**TASK BRIEF:** Exactly as written, retype the listing below, omitting the pictures.

**GIVEN MATERIAL:**

* * *

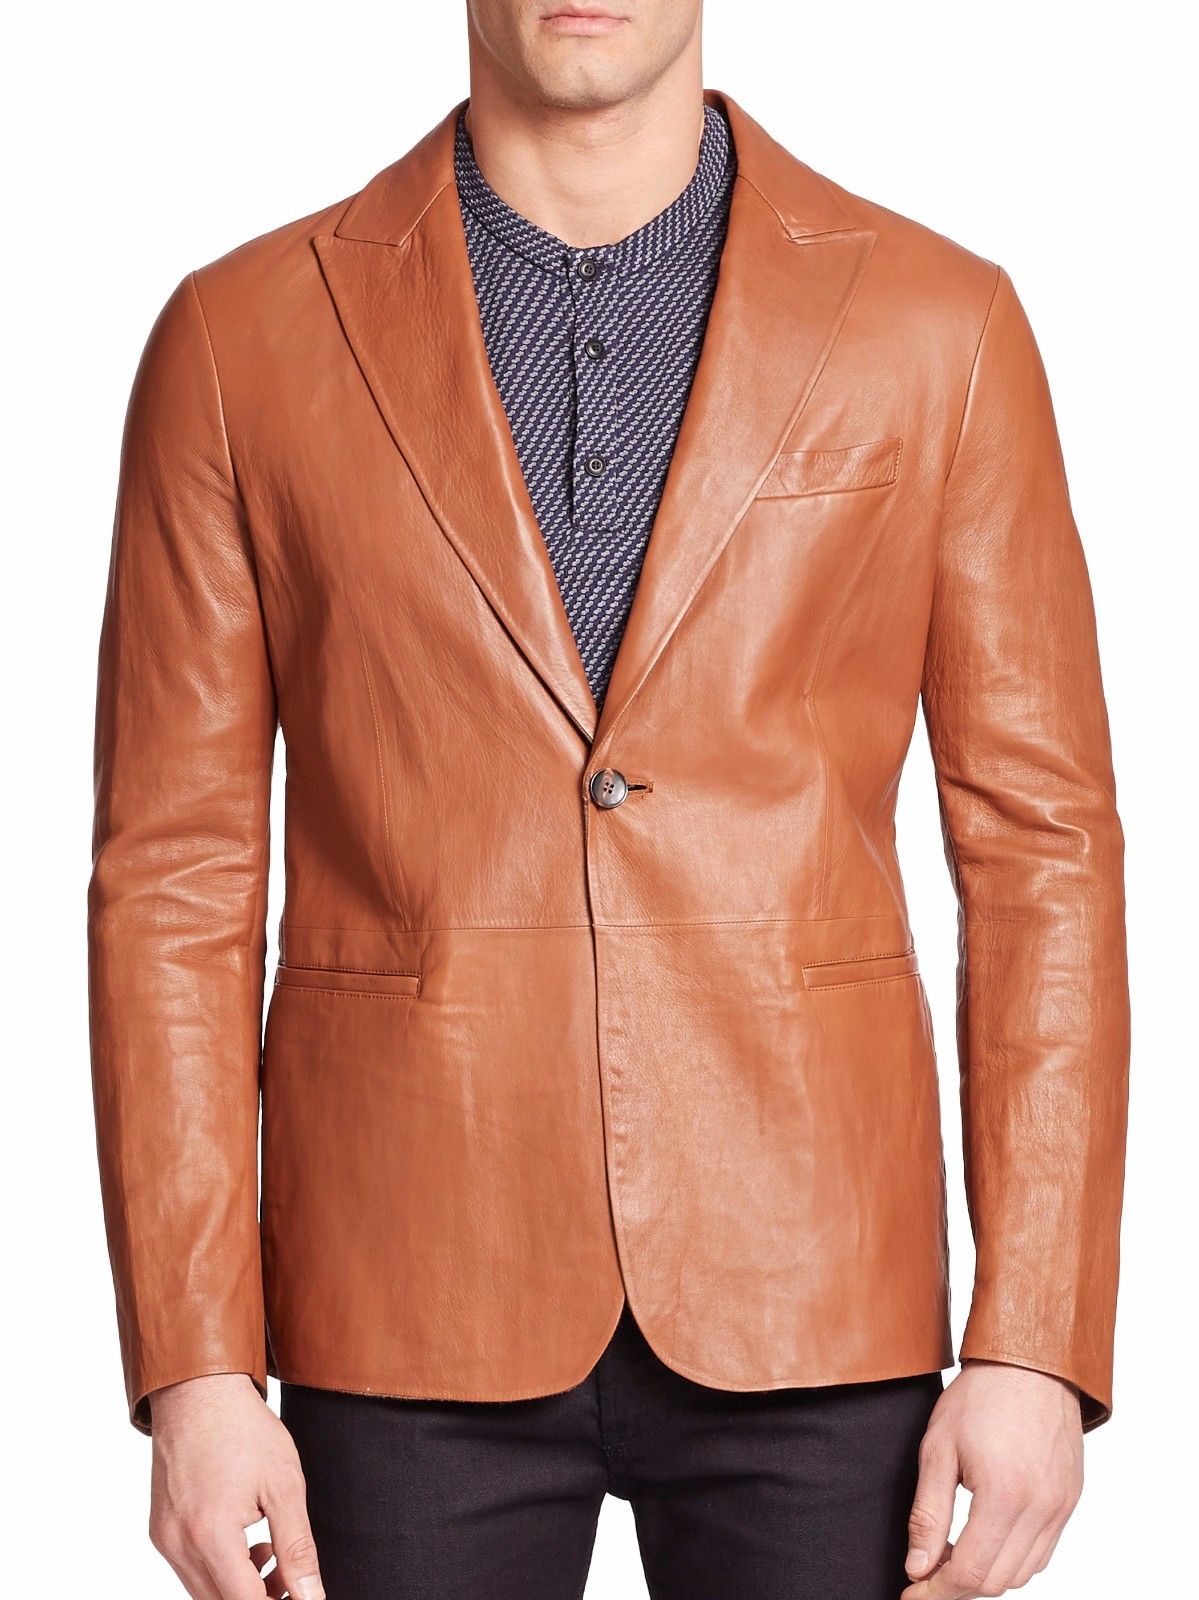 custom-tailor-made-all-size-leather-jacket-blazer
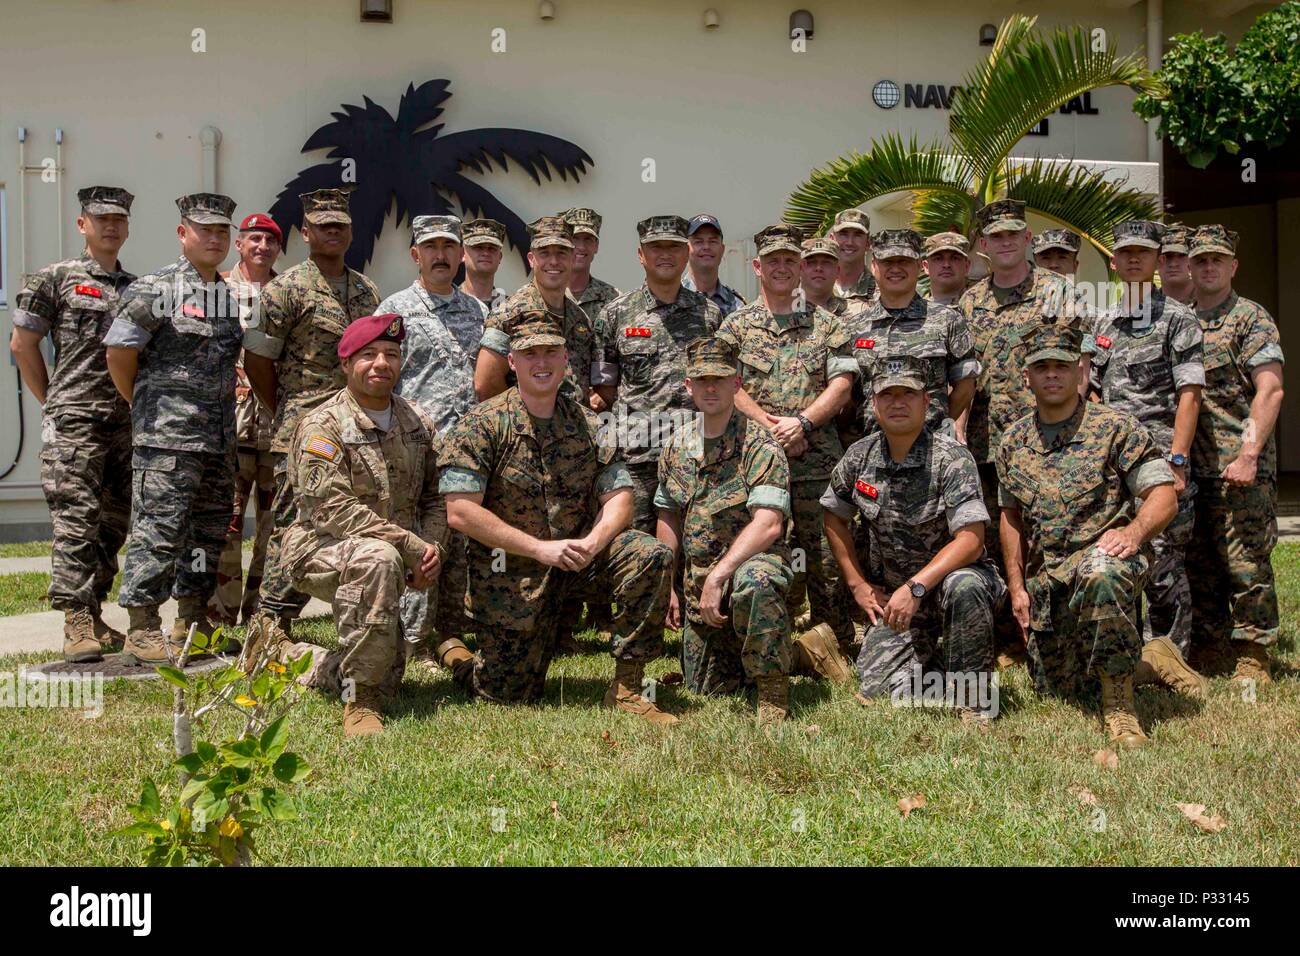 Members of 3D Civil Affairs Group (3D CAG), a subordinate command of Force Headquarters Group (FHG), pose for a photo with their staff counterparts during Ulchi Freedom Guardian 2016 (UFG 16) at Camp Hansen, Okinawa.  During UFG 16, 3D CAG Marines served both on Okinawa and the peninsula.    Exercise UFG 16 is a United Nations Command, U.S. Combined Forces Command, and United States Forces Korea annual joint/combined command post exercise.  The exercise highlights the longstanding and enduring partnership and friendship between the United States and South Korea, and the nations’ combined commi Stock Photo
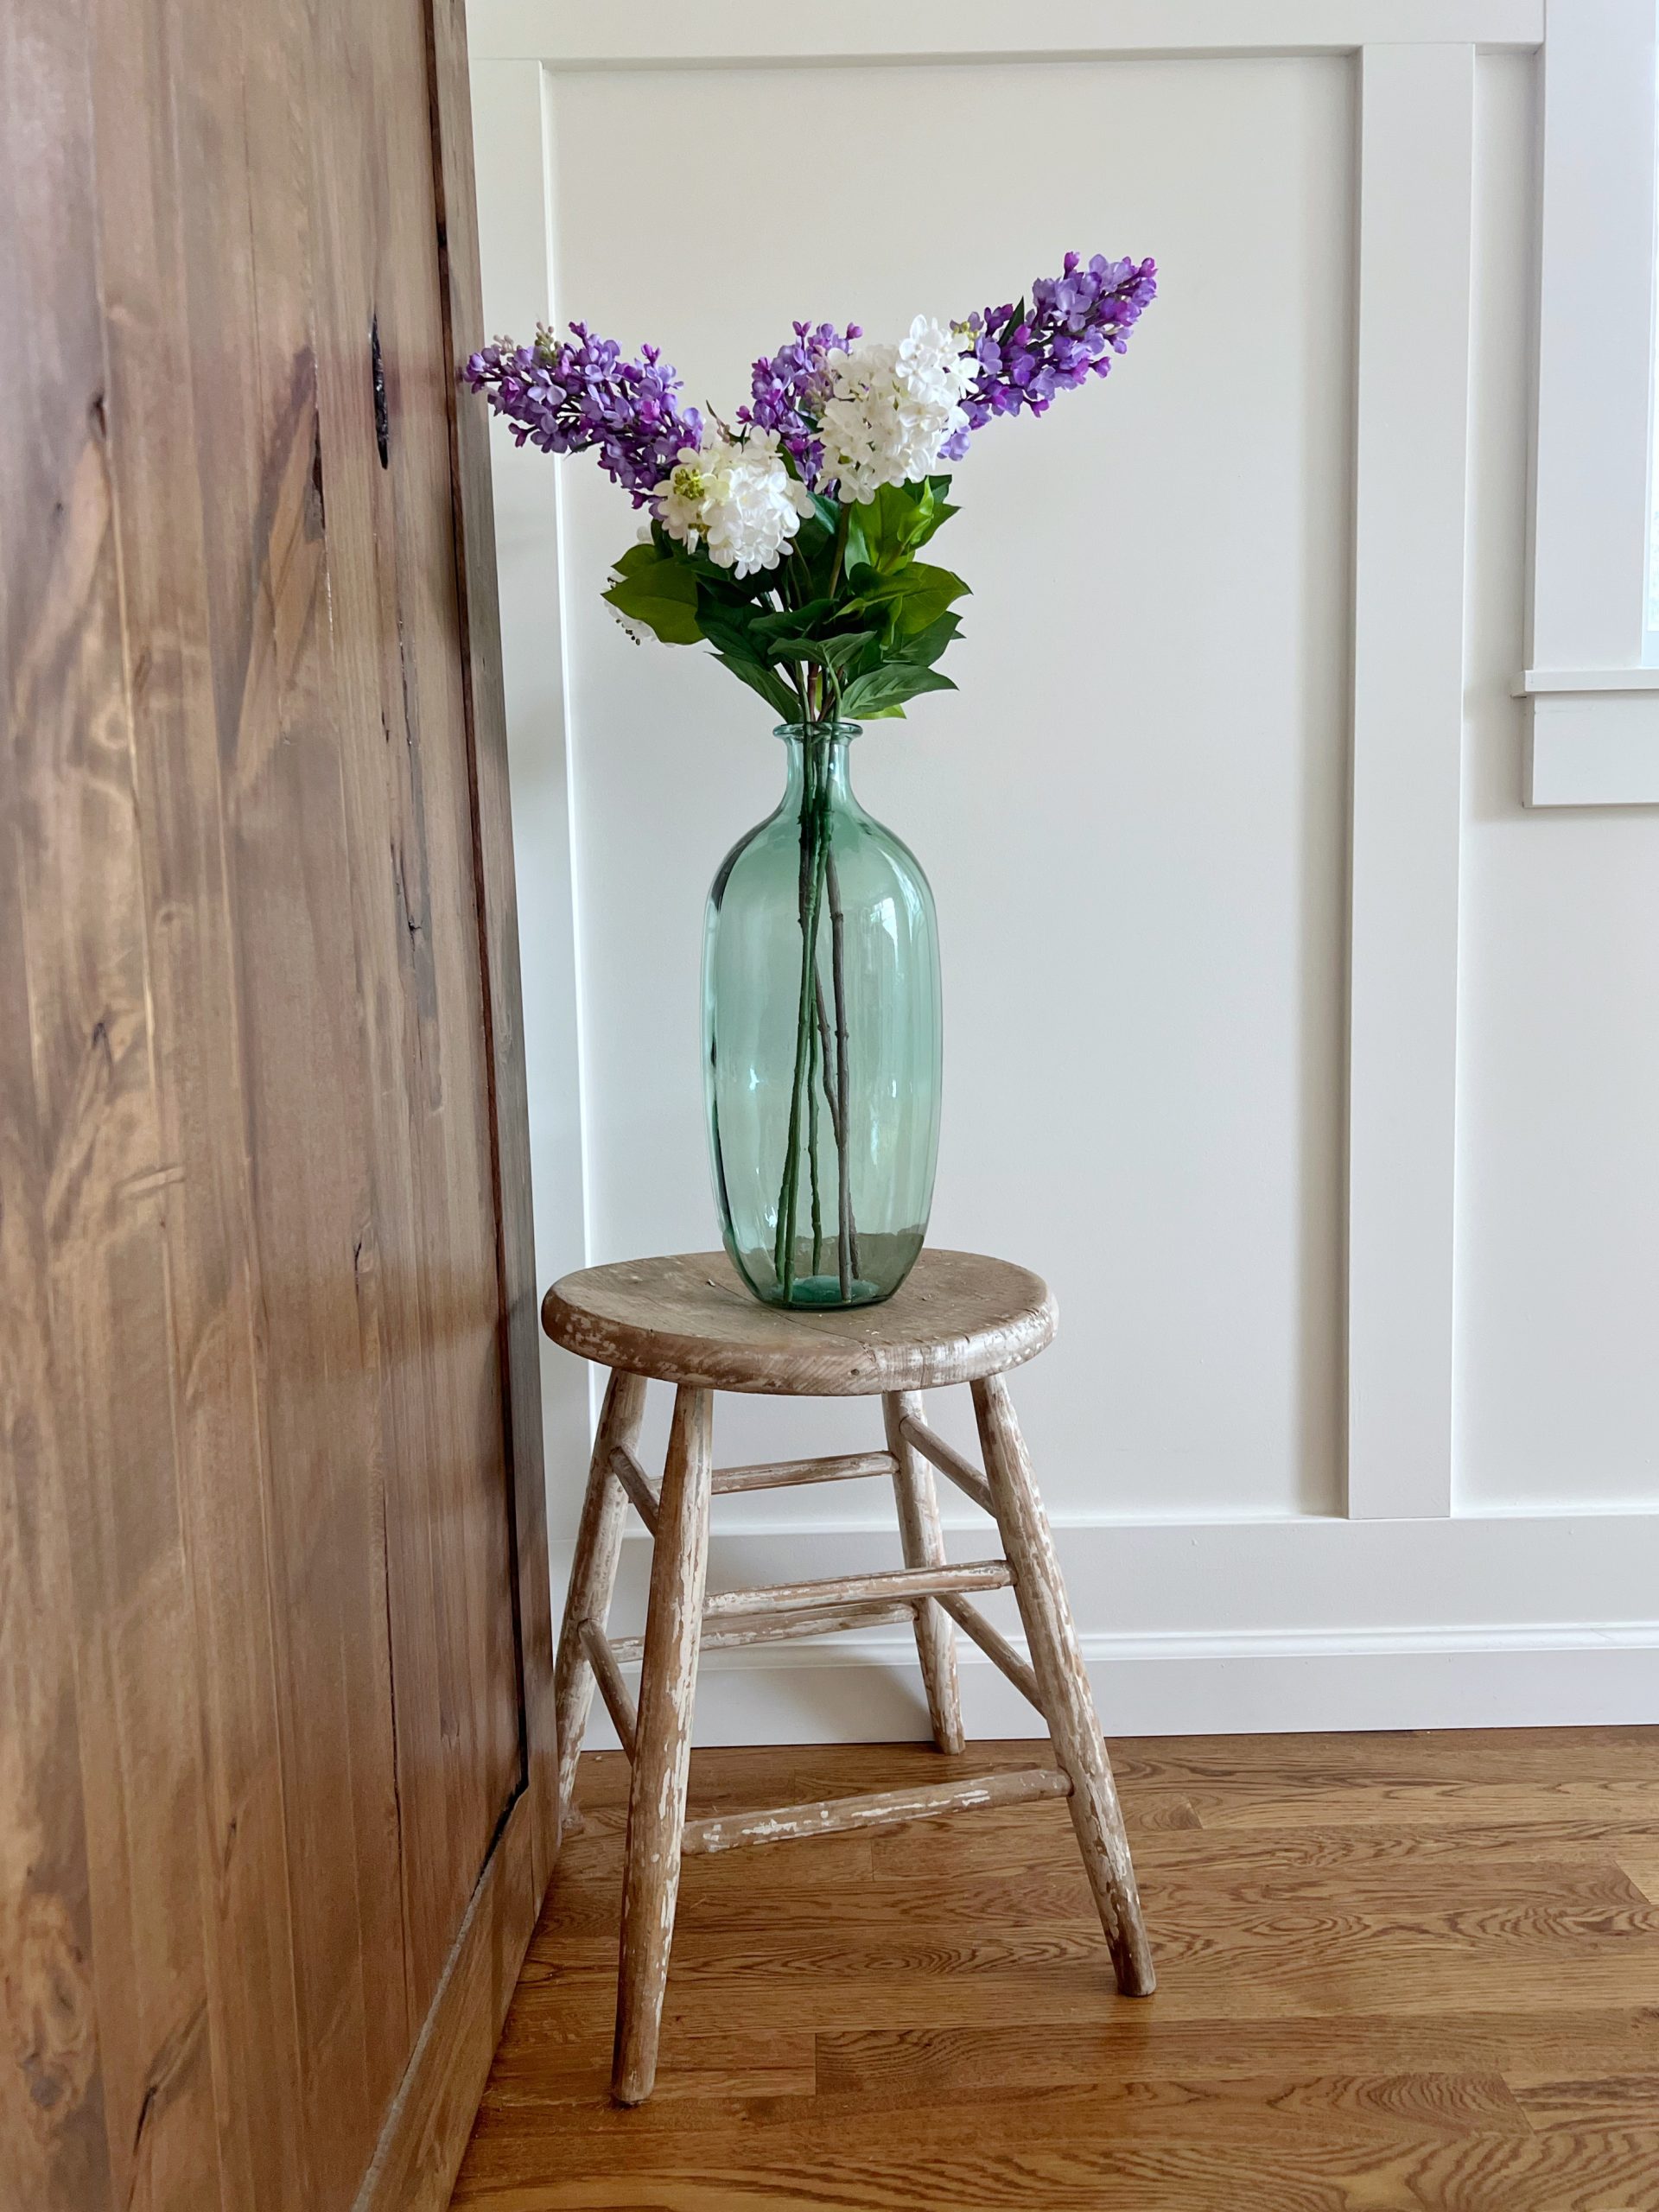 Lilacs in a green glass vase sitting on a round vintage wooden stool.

* * *

**REPLY TO THE TASK:**
 custom-tailor-made-all-size-leather-jacket-blazer
 Members of 3D Civil Affairs Group (3D CAG), a subordinate command of Force Headquarters Group (FHG), pose for a photo with their staff counterparts during Ulchi Freedom Guardian 2016 (UFG 16) at Camp Hansen, Okinawa.  During UFG 16, 3D CAG Marines served both on Okinawa and the peninsula.    Exercise UFG 16 is a United Nations Command, U.S. Combined Forces Command, and United States Forces Korea annual joint/combined command post exercise.  The exercise highlights the longstanding and enduring partnership and friendship between the United States and South Korea, and the nations’ combined commi Stock Photo
 Lilacs in a green glass vase sitting on a round vintage wooden stool.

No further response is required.